Homer & Langley
By E.L. Doctorow
224 pages; Random House


A great and gathering darkness, a mood of chivalrous sorrow, pervades the household in which the famously reclusive Collyer brothers—the most notorious pack rats in American history—live out their lonely lives, in E.L. Doctorow's latest novel, Homer & Langley . Homer, blinded in his late teens, is the narrator, looking back on a privileged childhood and an adulthood ranging from the Great War through the civil rights era, and forward to an increasingly constricted future in the elegant Fifth Avenue mansion where the brothers still live. As the existentially anguished, desperately self-reliant Langley piles up mountains of newspapers—grist for his never-to-be-completed, "eternally current dateless newspaper"—and stuffs the house to bursting with everything from piano innards and electric fans to piles of clothing and a fully assembled Model T Ford, Homer genteelly reaches out to the few human beings who penetrate his deep isolation.
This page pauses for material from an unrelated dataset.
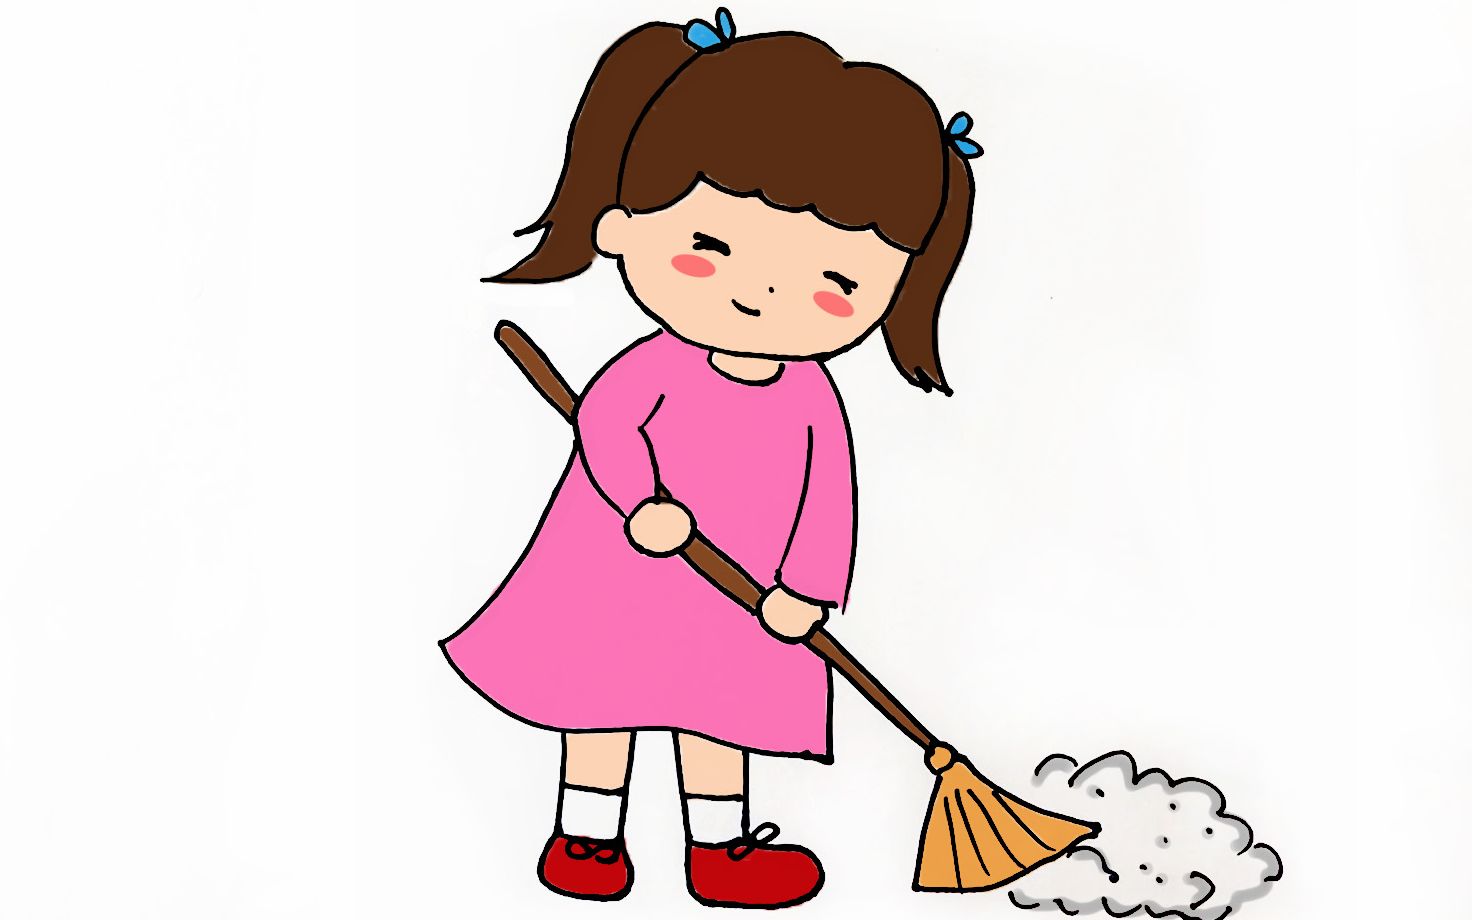 画勤劳的扫地小女孩简笔画 5小仓鼠:萌萌的小仓鼠简笔画教程,培养孩子

As he has done in so many novels, from Ragtime and Billy Bathgate to The March, Doctorow paints on a sweeping historical canvas, imagining the Collyer brothers as witness to the aspirations and transgressions of 20th-century America; yet this book's most powerfully moving moments are the quiet ones, when the brothers relish a breath of cool morning air, and each other's tragically exclusive company.